Hey Hannes and Keith,

This series handles the reset and scanning race saga.

The approach is to have the relevant admin commands return a proper
status code that reflects that we had a transport error and
not remove the namepsace if that is indeed the case.

This should be a reliable way to know if the revalidate_disk failed
due to a transport error or not.

I am able to reproduce this race with the following command (using
tcp/rdma):
for j in `seq 50`; do nvme connect-all; for i in `seq 50`; do nvme reset /dev/nvme0; done ; nvme disconnect-all; done

With this patch set (plus two more tcp/rdma transport specific patches
that address a other issues) I was able to pass the test without
reproducing the hang that you hannes reported.

Changes from v4:
- return nvme_error_status in __nvme_submit_sync_cmd and cast to
  errno in nvme_identify_ns
- modified status print in nvme_report_ns_ids

Changes from v3:
- return blk_status_to_errno instead of blk_status_t in sync cmds
- check for normal return errno from revalidate_disk, this covers
  transport errors, but also spurious allocation errors and any
  type of transient errors.

Changes from v2:
- added fc patch from James (can you test please?)
- made nvme_identify_ns return id or PTR_ERR (Hannes)

Changes from v1:
- different approach

James Smart (1):
  nvme-fc: Fail transport errors with NVME_SC_HOST_PATH

Sagi Grimberg (6):
  nvme: fail cancelled commands with NVME_SC_HOST_PATH_ERROR
  nvme: return a proper status for sync commands failure
  nvme: make nvme_identify_ns propagate errors back
  nvme: make nvme_report_ns_ids propagate error back
  nvme-tcp: fail command with NVME_SC_HOST_PATH_ERROR send failed
  nvme: fix ns removal hang when failing to revalidate due to a
    transient error

 drivers/nvme/host/core.c | 60 ++++++++++++++++++++++++++++------------
 drivers/nvme/host/fc.c   | 37 ++++++++++++++++++++-----
 drivers/nvme/host/tcp.c  |  2 +-
 3 files changed, 74 insertions(+), 25 deletions(-)

-- 
2.17.1

^ permalink raw reply	[flat|nested] 10+ messages in thread

* [PATCH v5 1/7] nvme: fail cancelled commands with NVME_SC_HOST_PATH_ERROR
  2019-08-09 22:12 [PATCH v5 0/7] nvme controller reset and namespace scan work race conditions Sagi Grimberg
@ 2019-08-09 22:12 ` Sagi Grimberg
  2019-08-09 22:12 ` [PATCH v5 2/7] nvme: return a proper status for sync commands failure Sagi Grimberg
                   ` (5 subsequent siblings)
  6 siblings, 0 replies; 10+ messages in thread
From: Sagi Grimberg @ 2019-08-09 22:12 UTC (permalink / raw)

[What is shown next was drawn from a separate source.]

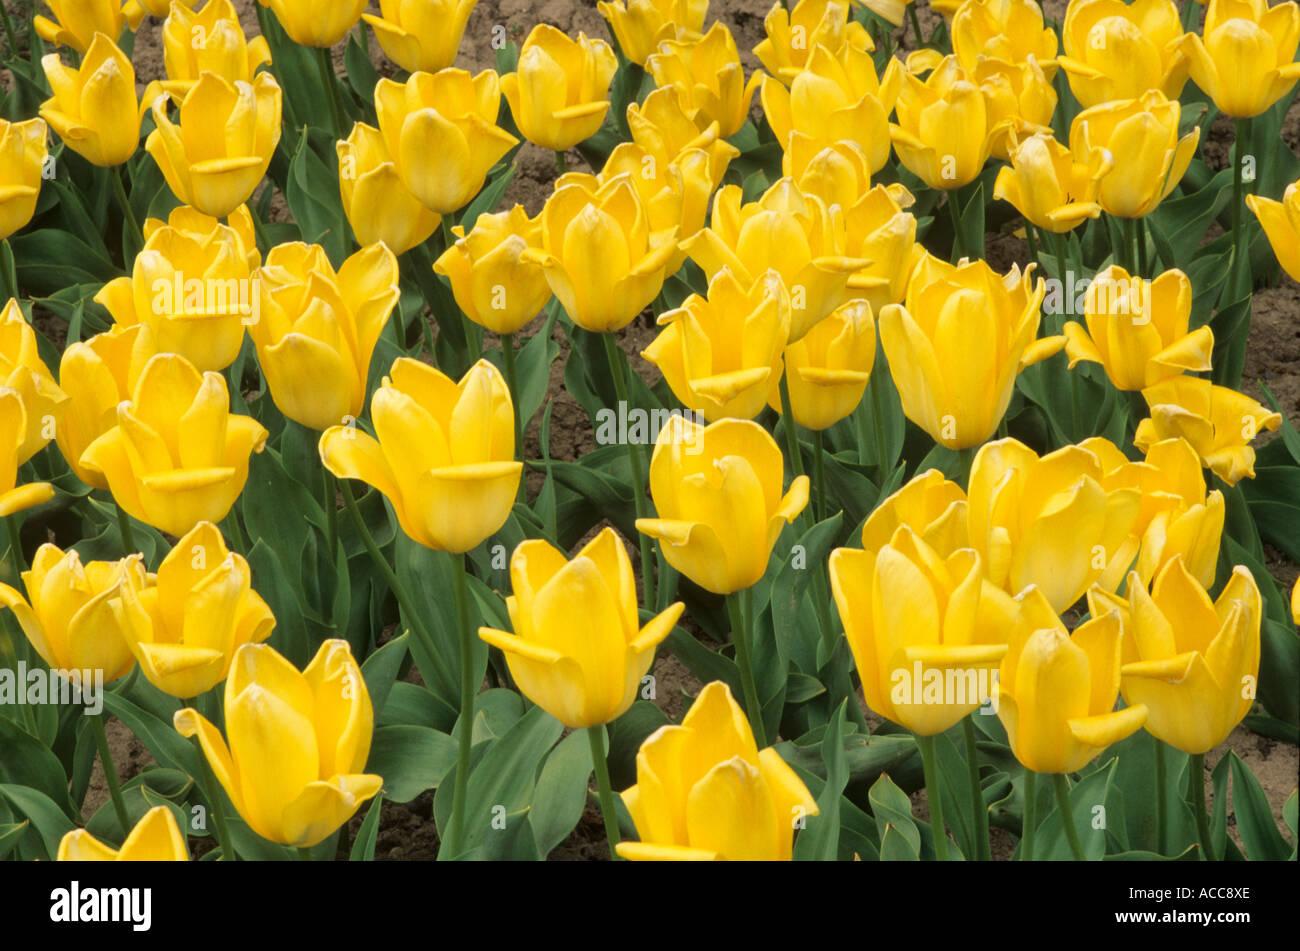 Tulipa 'Candela', div. 13 - Stock Image
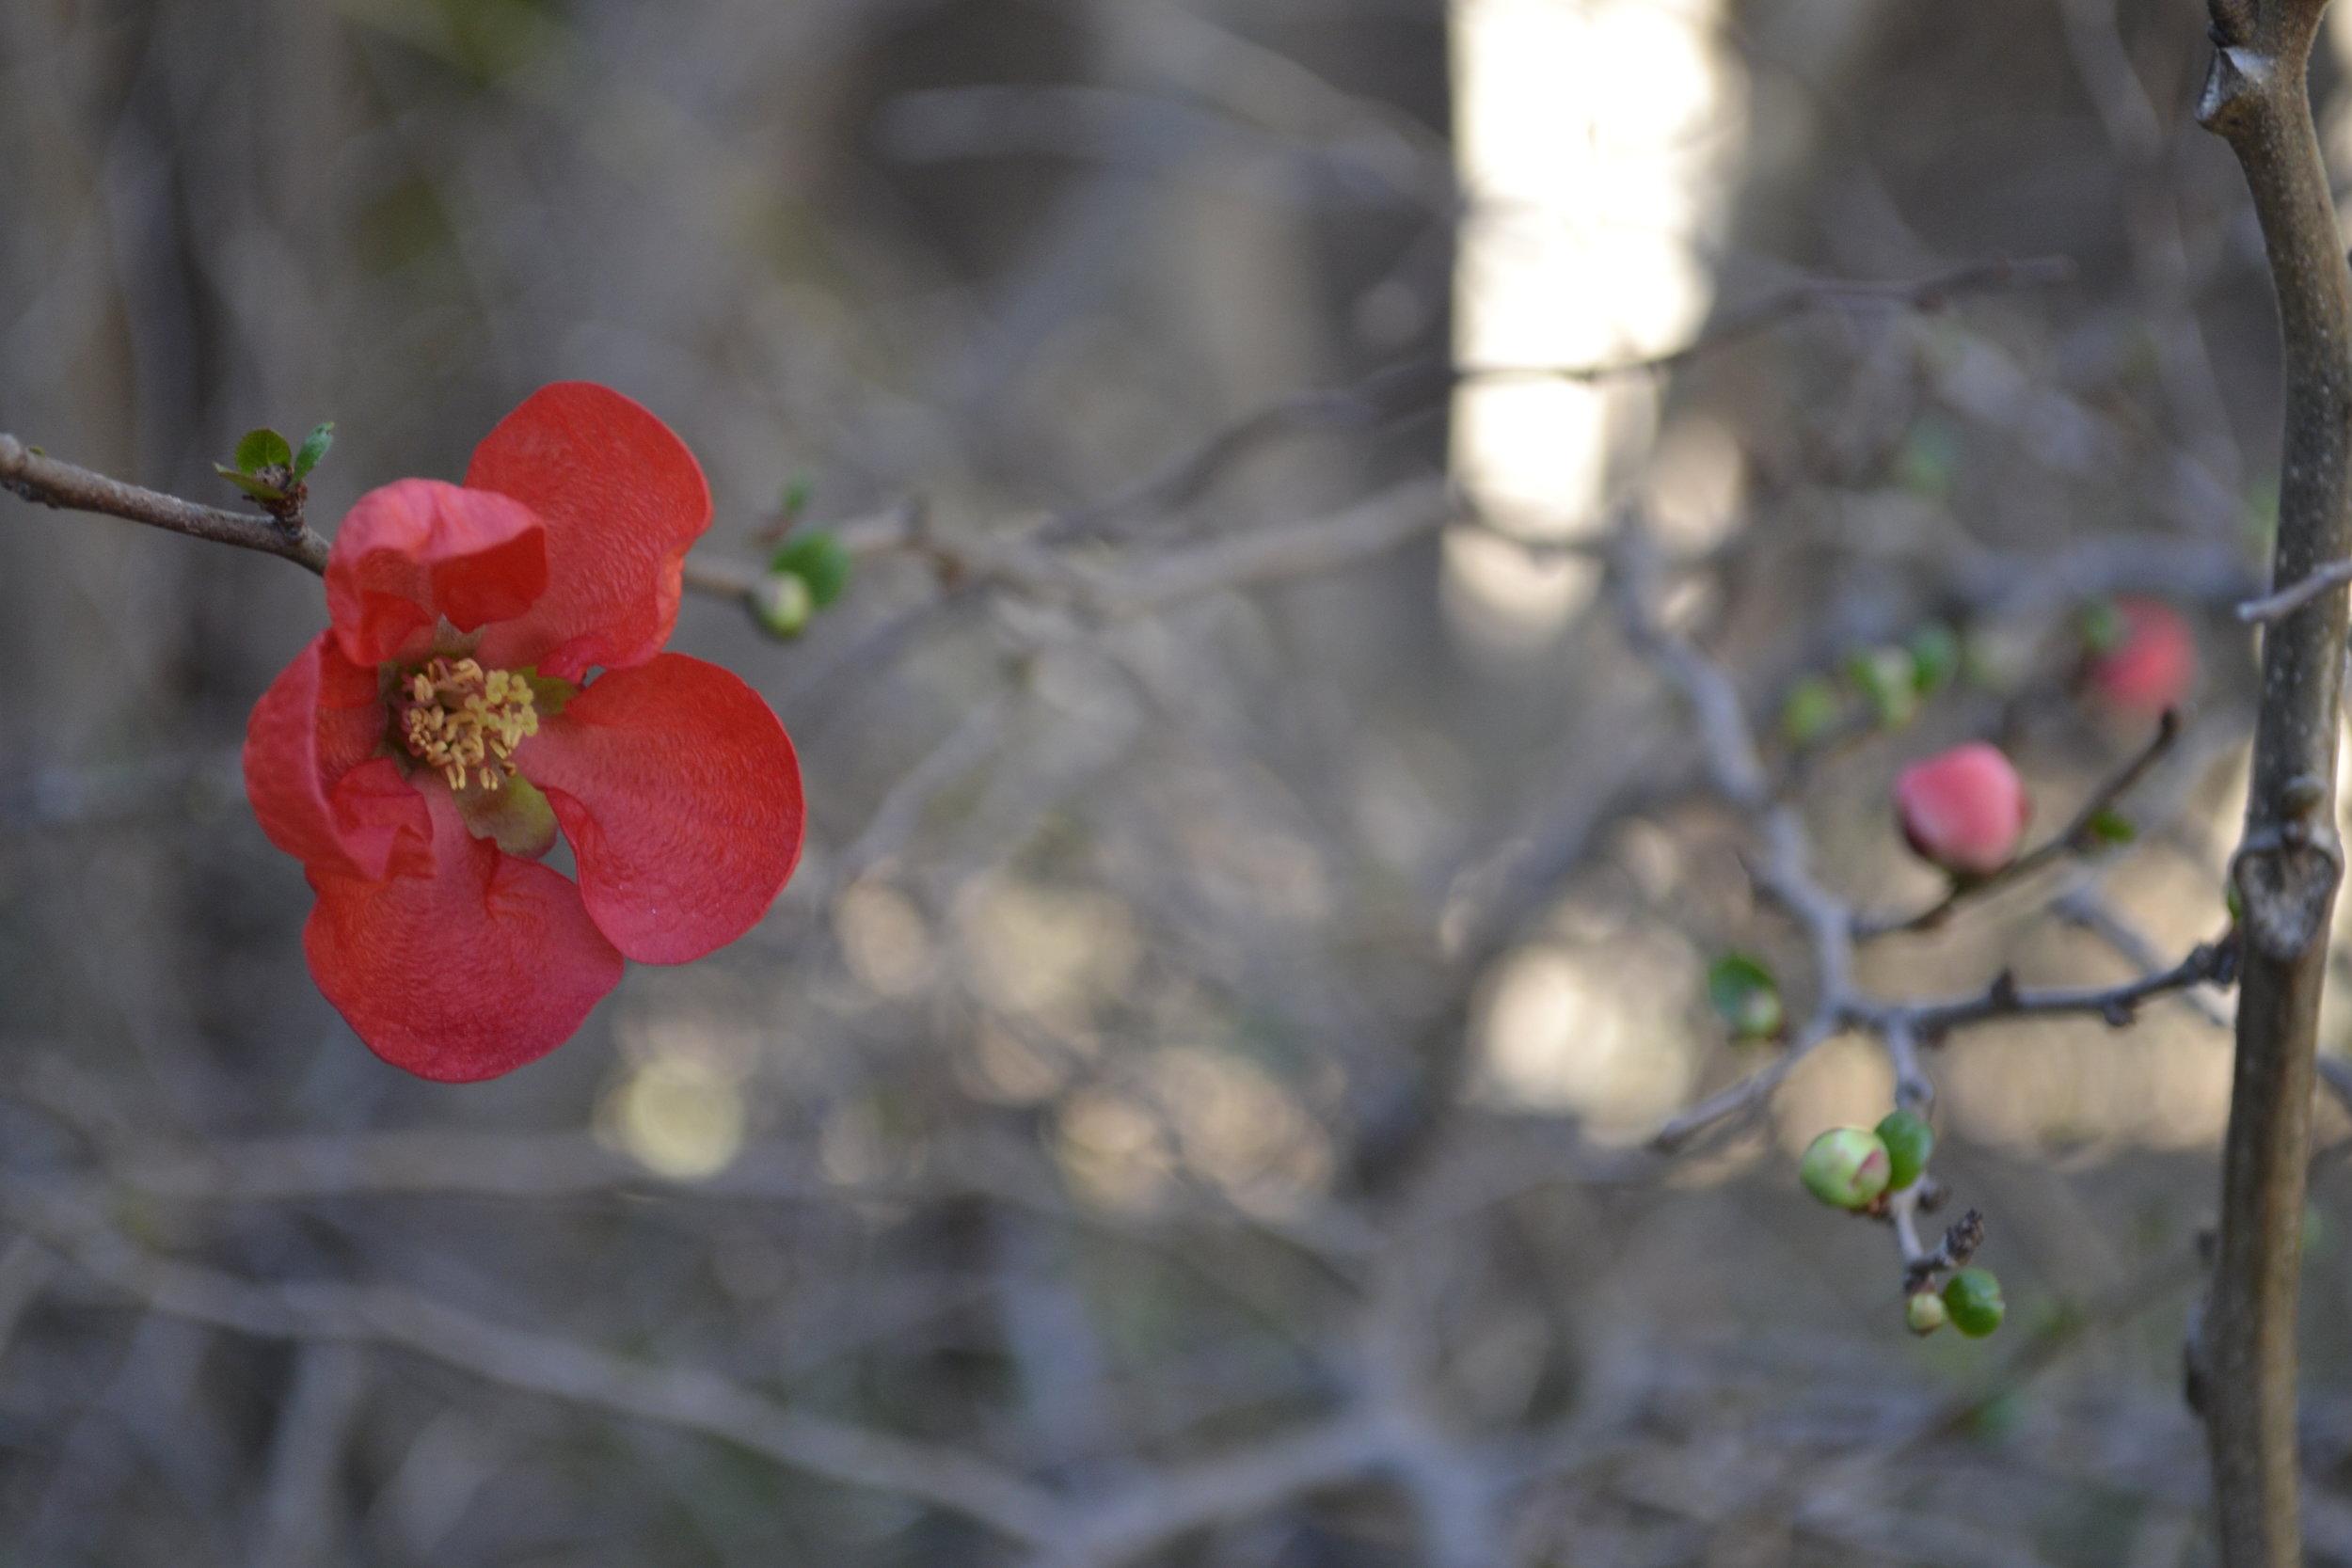 Ft Worth Botanical Garden (photo: Andy Bruner)

NVME_SC_ABORT_REQ means that the request was aborted due to
an abort command received. In our case, this is a transport
cancellation, so host pathing error is much more appropriate.

Also, convert NVME_SC_HOST_PATH_ERROR to BLK_STS_TRANSPORT for
such that callers can understand that the status is a transport
related error. This will be used by the ns scanning code to
understand if it got an error from the controller or that the
controller happens to be unreachable by the transport.

Reviewed-by: Minwoo Im <minwoo.im.dev at gmail.com>
Signed-off-by: Sagi Grimberg <sagi at grimberg.me>
---
 drivers/nvme/host/core.c | 4 +++-
 1 file changed, 3 insertions(+), 1 deletion(-)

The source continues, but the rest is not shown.